Provided information Start Marker

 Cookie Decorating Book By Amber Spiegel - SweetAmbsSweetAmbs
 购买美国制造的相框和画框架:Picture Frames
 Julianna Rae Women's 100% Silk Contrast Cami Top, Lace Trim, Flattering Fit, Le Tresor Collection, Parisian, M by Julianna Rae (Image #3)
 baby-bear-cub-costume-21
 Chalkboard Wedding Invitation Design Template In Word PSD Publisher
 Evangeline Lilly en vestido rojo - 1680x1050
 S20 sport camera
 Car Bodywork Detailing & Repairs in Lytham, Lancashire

Provided information End Marker

* _Brief_
All lines from the first line of the listing above through the line containing "Chalkboard Wedding Invitation" are to be retyped exactly. Leave out any other line.

* _Solution_
 Cookie Decorating Book By Amber Spiegel - SweetAmbsSweetAmbs
 购买美国制造的相框和画框架:Picture Frames
 Julianna Rae Women's 100% Silk Contrast Cami Top, Lace Trim, Flattering Fit, Le Tresor Collection, Parisian, M by Julianna Rae (Image #3)
 baby-bear-cub-costume-21
 Chalkboard Wedding Invitation Design Template In Word PSD Publisher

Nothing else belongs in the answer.